### [Task instructions]
Work through the data line by line, gathering every line that has the word "Unity".

### [Input records]
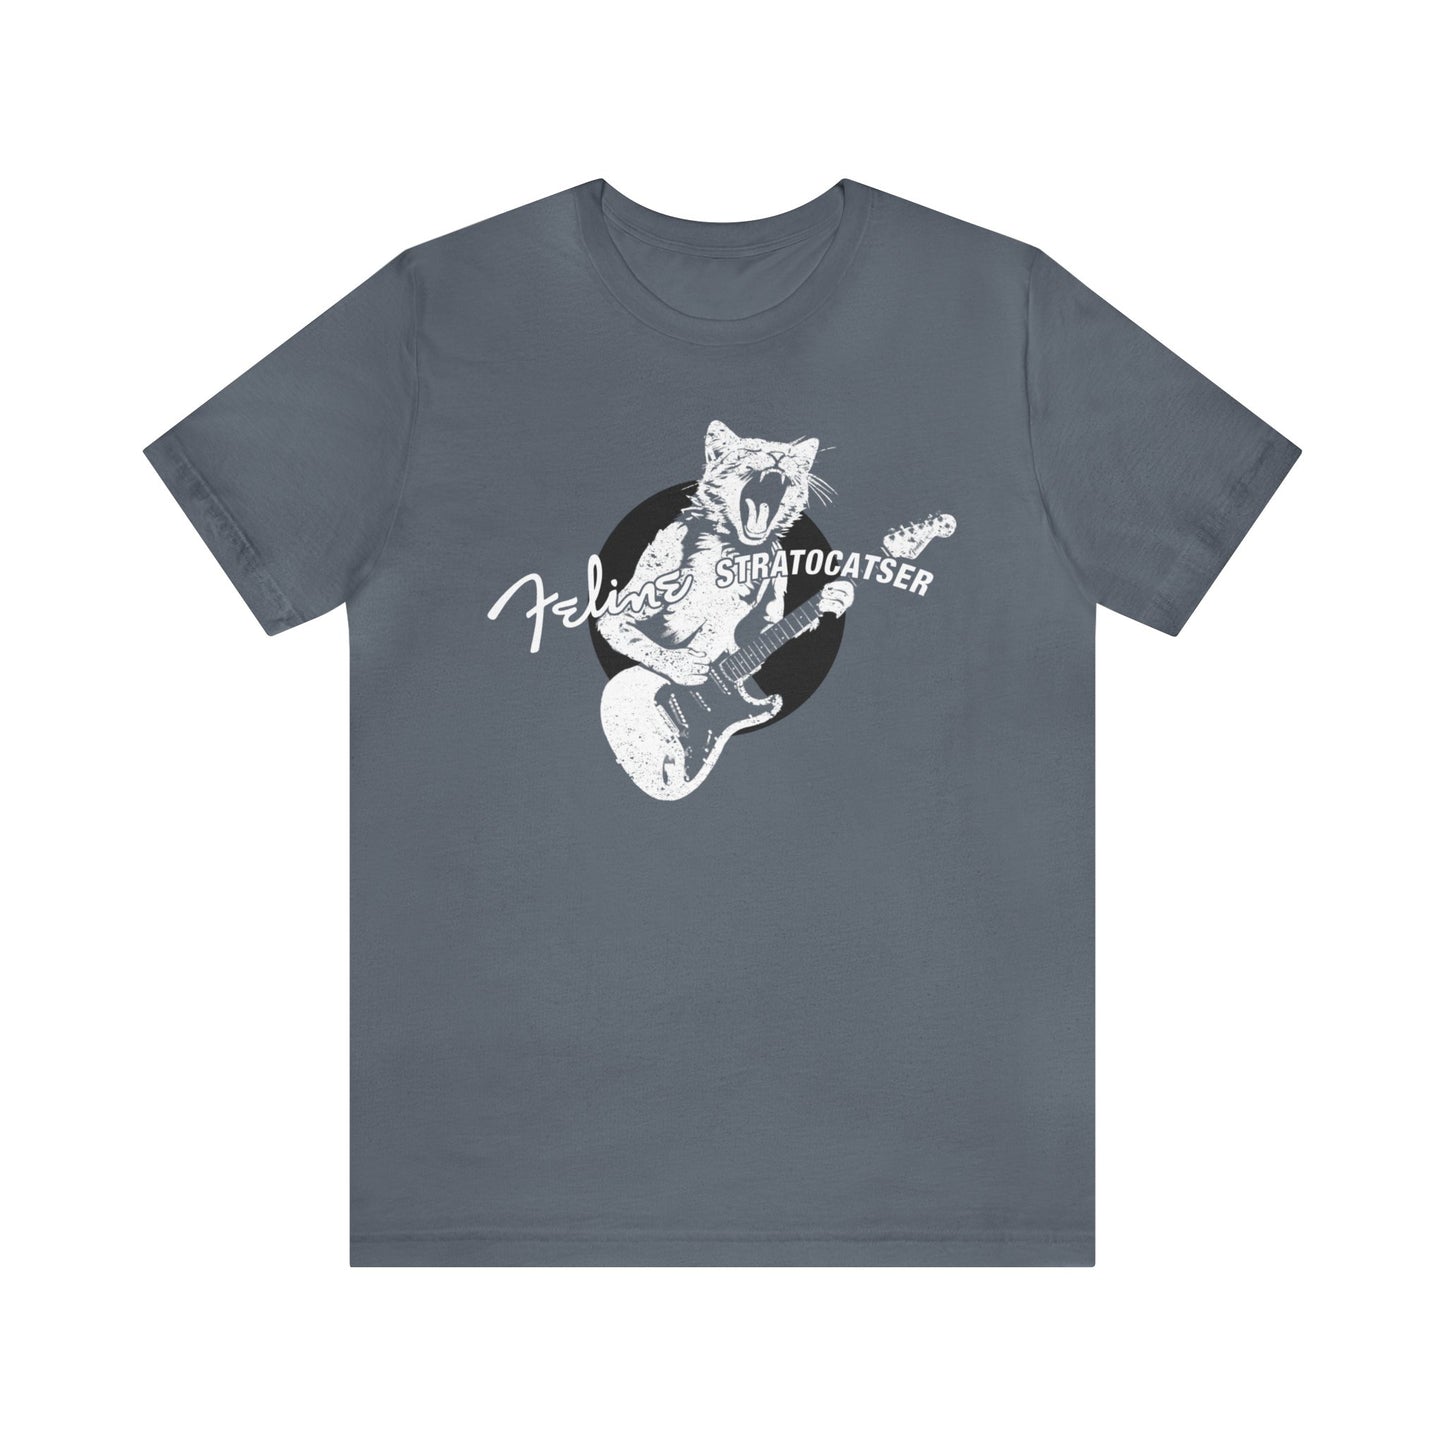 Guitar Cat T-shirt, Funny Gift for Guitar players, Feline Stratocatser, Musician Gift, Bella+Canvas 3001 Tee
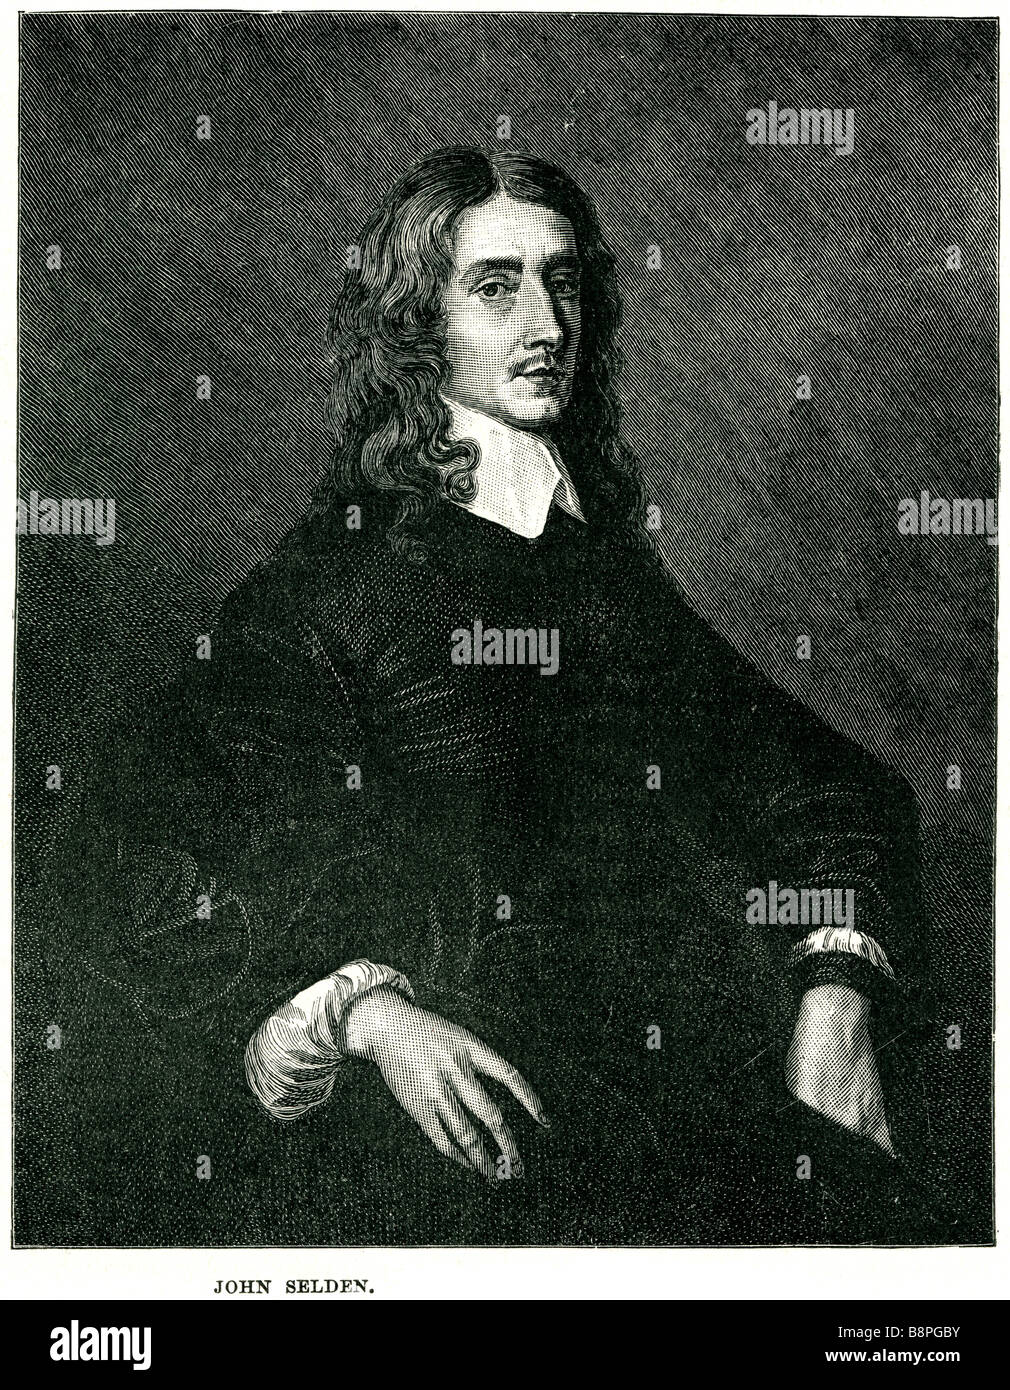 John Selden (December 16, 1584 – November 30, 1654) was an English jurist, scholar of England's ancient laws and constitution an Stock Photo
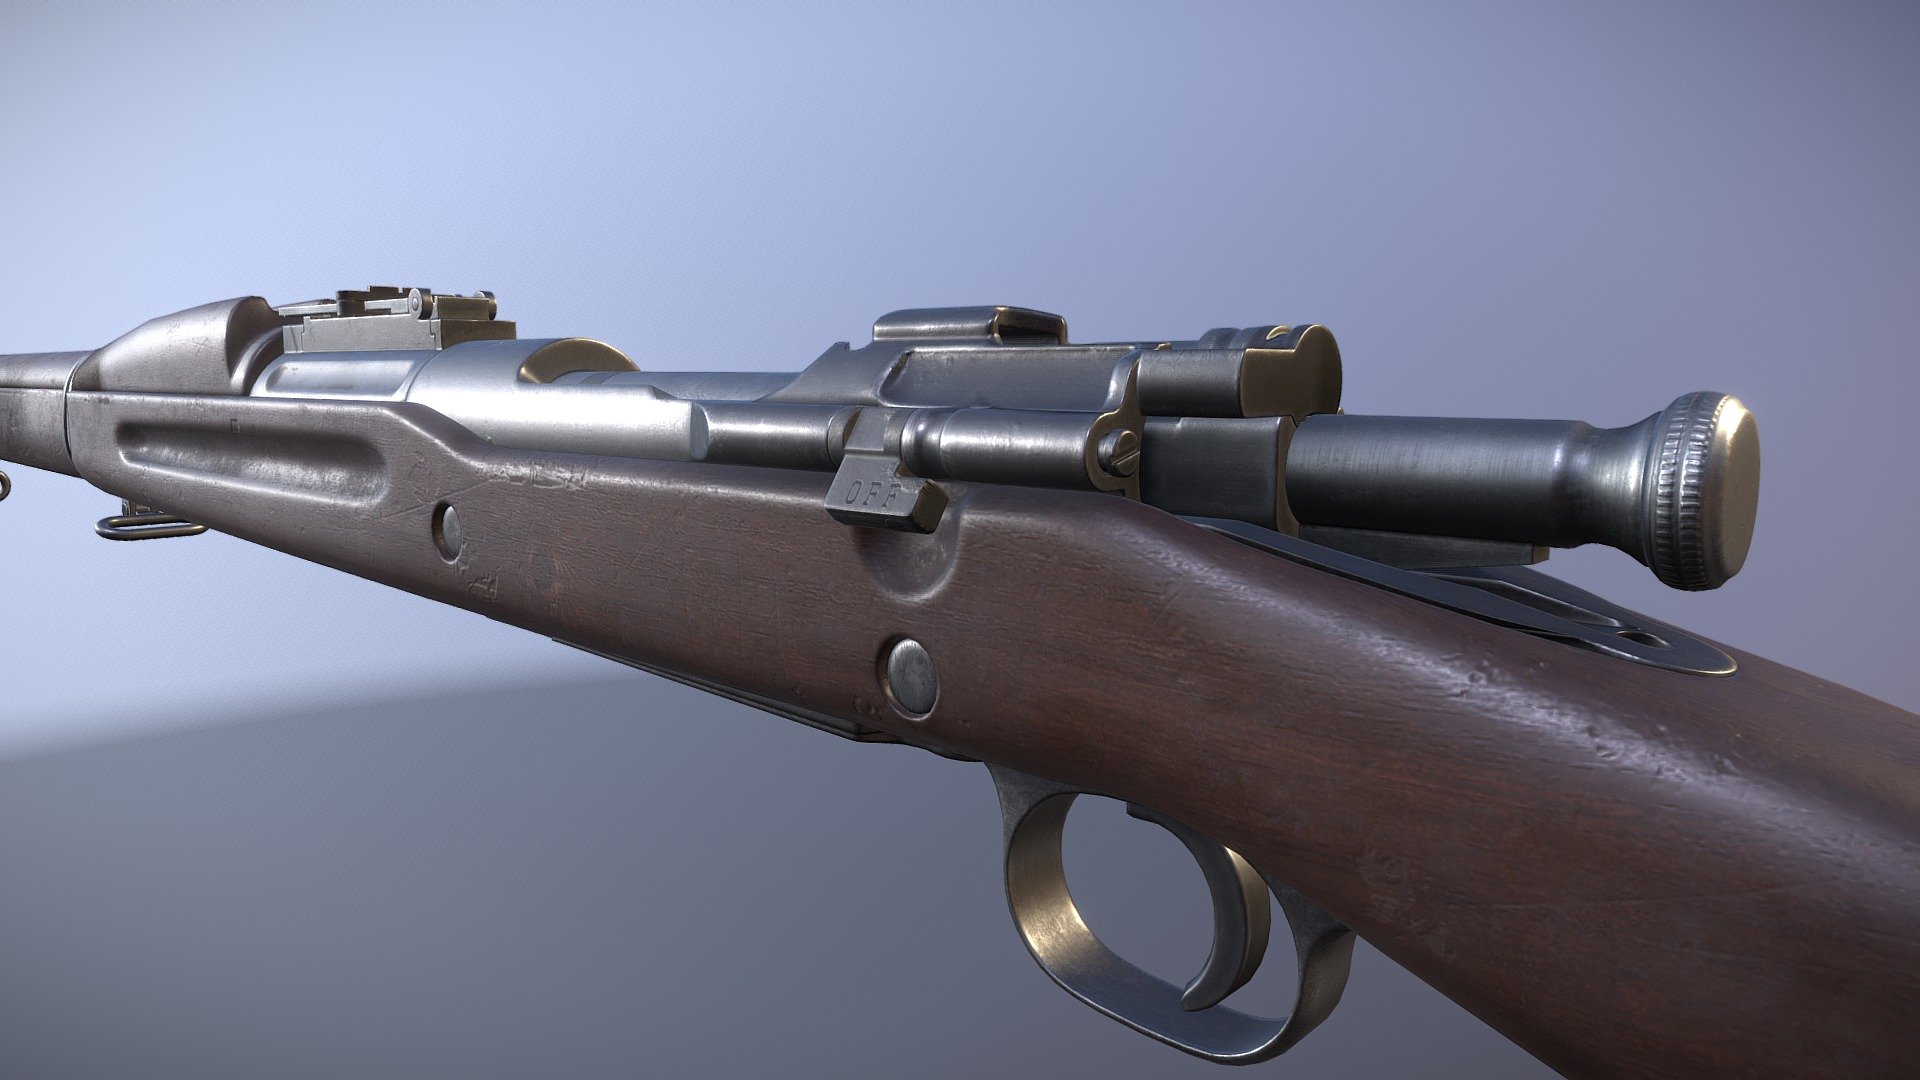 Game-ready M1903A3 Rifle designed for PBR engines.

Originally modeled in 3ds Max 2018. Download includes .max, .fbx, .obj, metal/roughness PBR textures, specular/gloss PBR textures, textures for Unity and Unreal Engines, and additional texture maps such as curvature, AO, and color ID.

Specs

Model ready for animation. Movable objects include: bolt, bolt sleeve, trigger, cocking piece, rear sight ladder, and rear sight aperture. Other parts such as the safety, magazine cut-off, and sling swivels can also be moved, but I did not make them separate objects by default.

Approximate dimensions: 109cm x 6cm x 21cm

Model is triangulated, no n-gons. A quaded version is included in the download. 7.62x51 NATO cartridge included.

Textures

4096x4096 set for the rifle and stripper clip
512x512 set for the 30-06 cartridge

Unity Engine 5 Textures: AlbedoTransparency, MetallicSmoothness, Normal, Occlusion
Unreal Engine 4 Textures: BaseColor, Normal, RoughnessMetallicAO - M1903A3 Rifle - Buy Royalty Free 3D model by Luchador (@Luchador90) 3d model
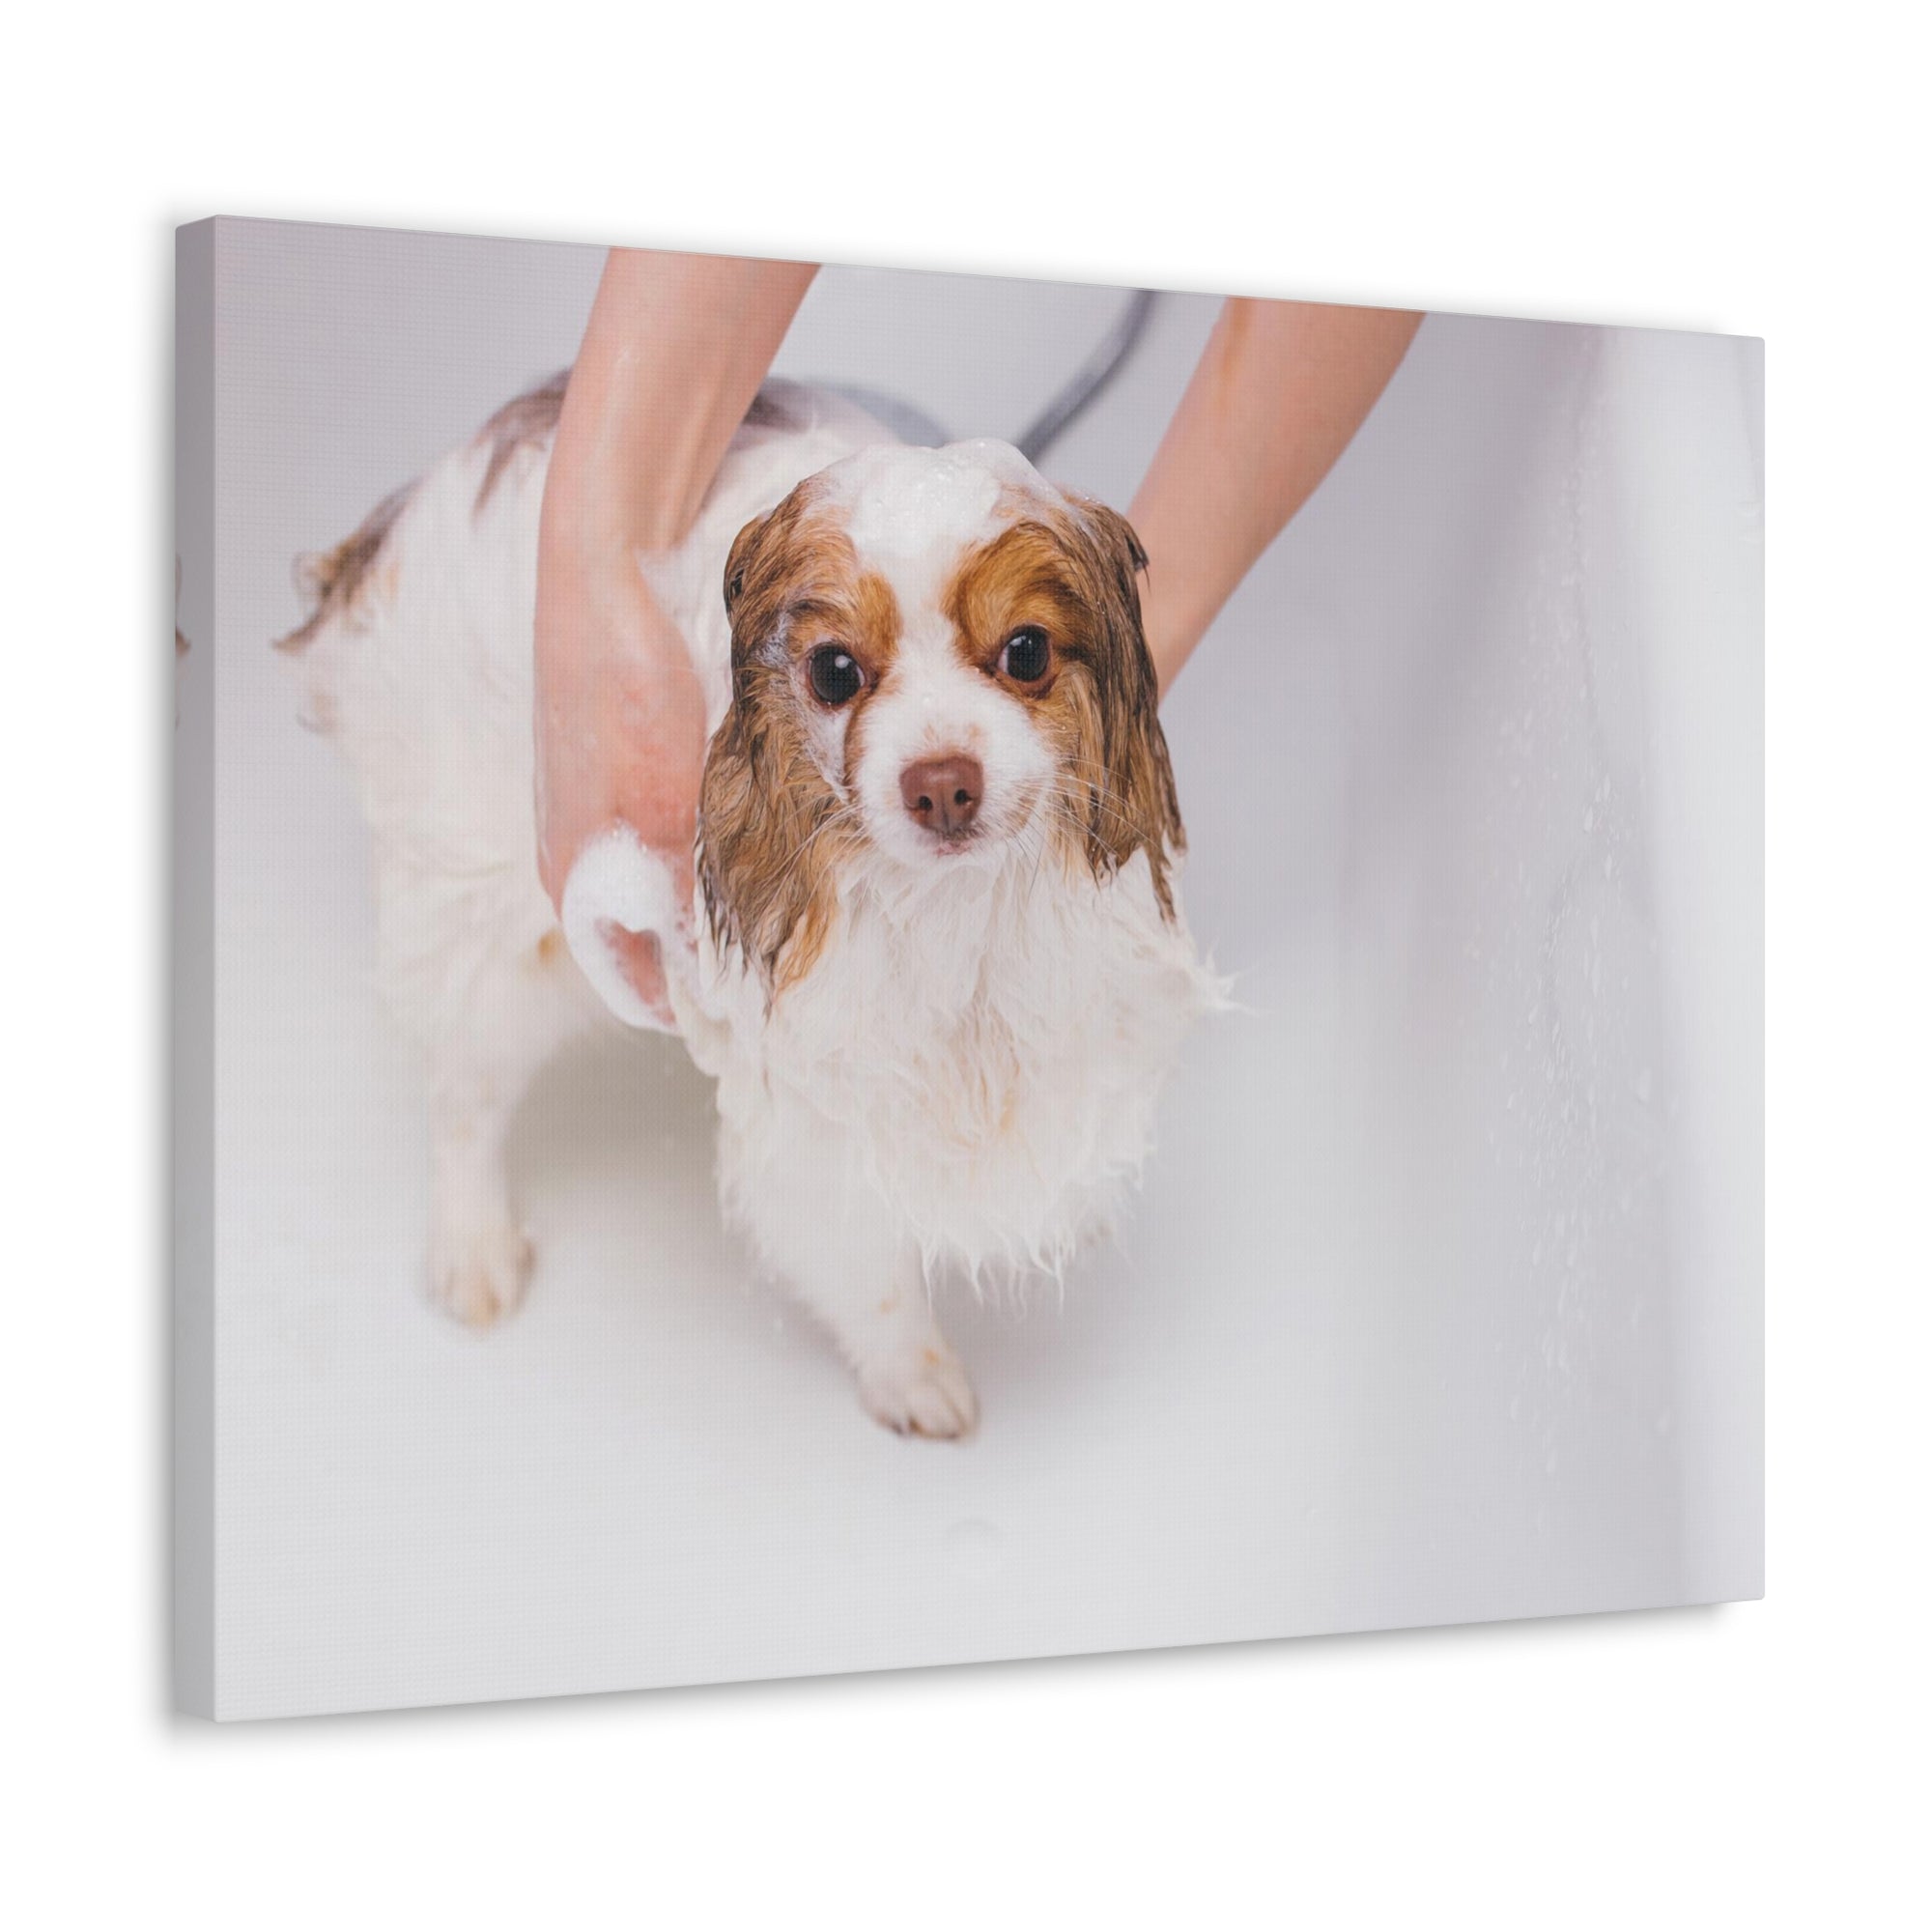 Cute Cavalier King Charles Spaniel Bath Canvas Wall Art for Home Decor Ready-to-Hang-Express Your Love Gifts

### [Solution below]
Originally modeled in 3ds Max 2018. Download includes .max, .fbx, .obj, metal/roughness PBR textures, specular/gloss PBR textures, textures for Unity and Unreal Engines, and additional texture maps such as curvature, AO, and color ID.
Unity Engine 5 Textures: AlbedoTransparency, MetallicSmoothness, Normal, Occlusion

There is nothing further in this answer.